Kenneth died in 2002, and, in the ensuing years, his three children and widow battled in court over the fate of Tuthill and his estate. After a 2010 court ruling, Nathan was able to buy the village, where he, Boucher, and their 13-year-old son, Kenny, live in the Greek Revival he grew up in. From a seven-dormer Federal-style house across the street, he runs Kenneth E. Tuttle Antiques on a part-time basis.

Meandering along Tuthill’s narrow streets, Nathan points out massive lilac bushes, walnut trees, and sugar maples, purchased as mature plants by Kenneth and brought here on a flatbed truck so that even the landscape would look old. At the top of the hill, where the homes occupied by Nathan’s mother and eight other tenants encircle an immaculately green lawn, their power lines buried underground to preserve the antique look, the preternatural stillness of Tuthill is disrupted by the roar of a riding lawnmower. “That’s Jason Lamb, of Gardiner,” Nathan says, pointing to the thin man hunched over the wheel, Tuthill’s sole full-time employee for the last 15 years.

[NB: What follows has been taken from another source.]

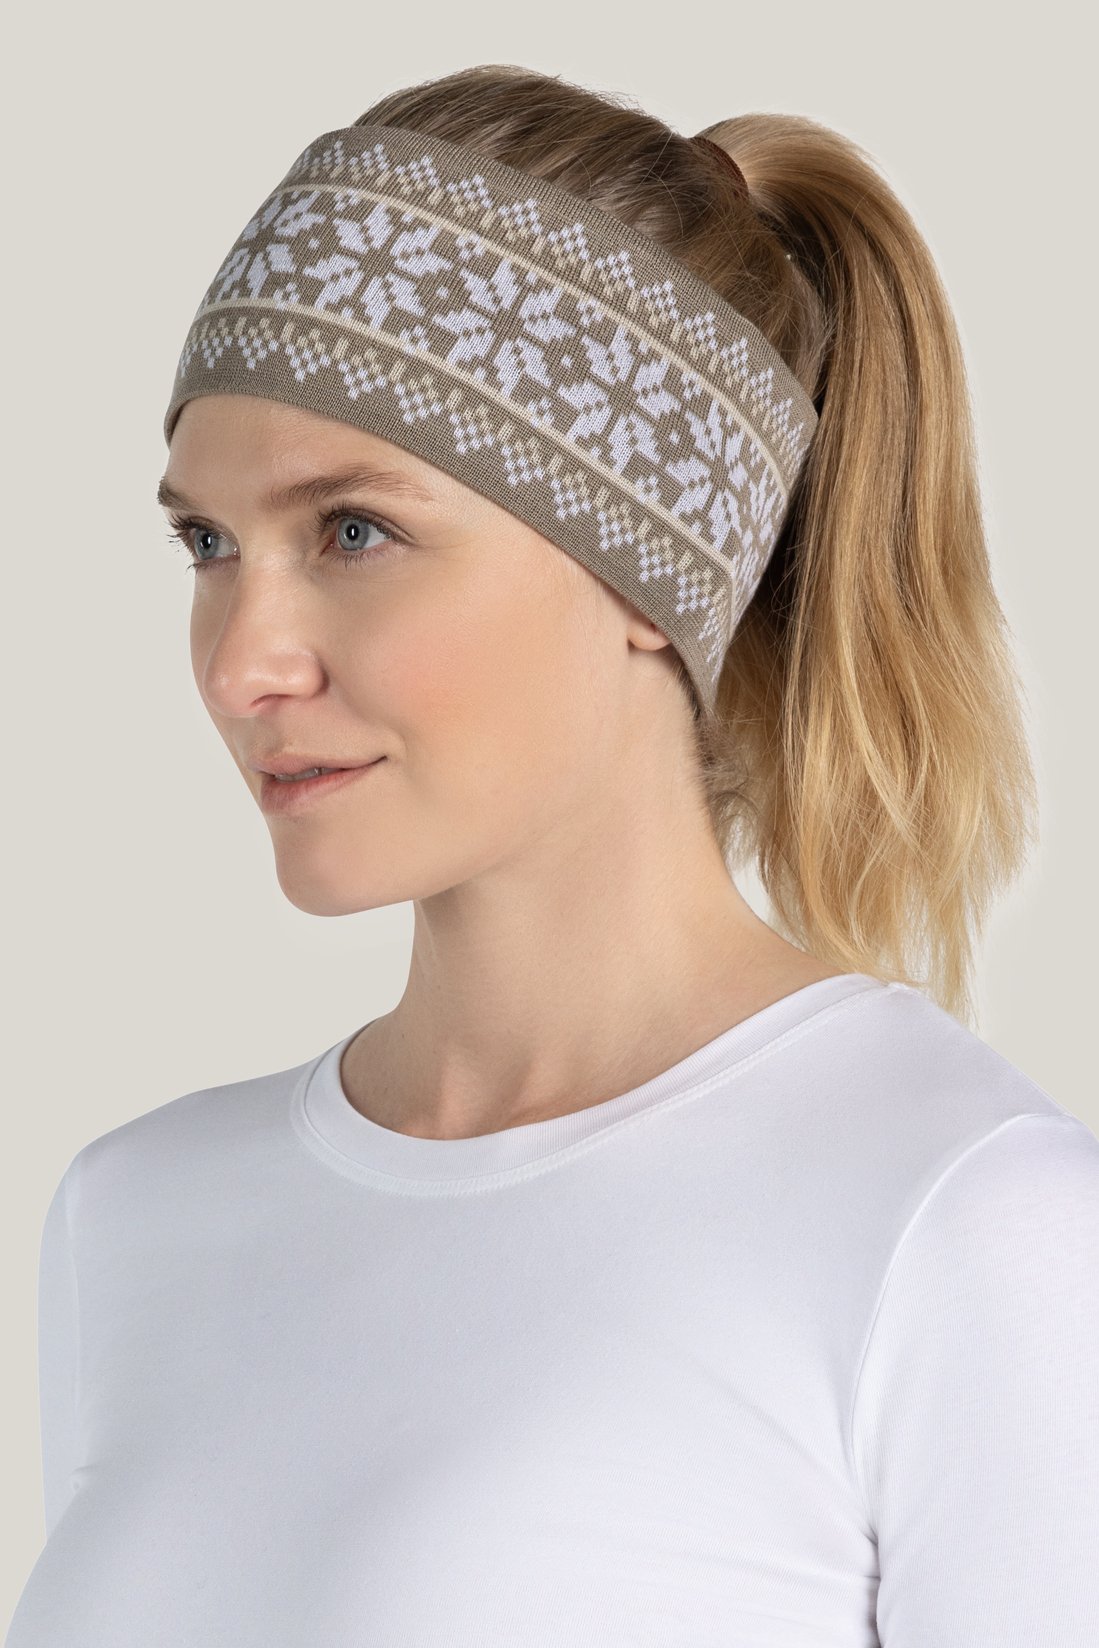 Beige reversible unisex headband made of merino wool and Tencel from TIDLØS

Some of the tenants have also been here for years, and Nathan hopes the future buyer will keep them on. But lately, he has felt less tethered to this place. “There was a time in my life when all this was important,” he says, gesturing toward a circa 1800 Federal hauled in from nearby Dresden by Kenneth. “When my father was here, it was important. But now he’s gone. It’s lost that edge for me.” He plans to keep up the antiques business from his next home, and continue adding to his collections of antique Fords, pre-Civil War grandfather clocks, and antique American furnishings. “I have a love for all that stuff and I always will,” he says. “I’ll never live with modern furniture. Anything from 1840 on, it’s all garbage.”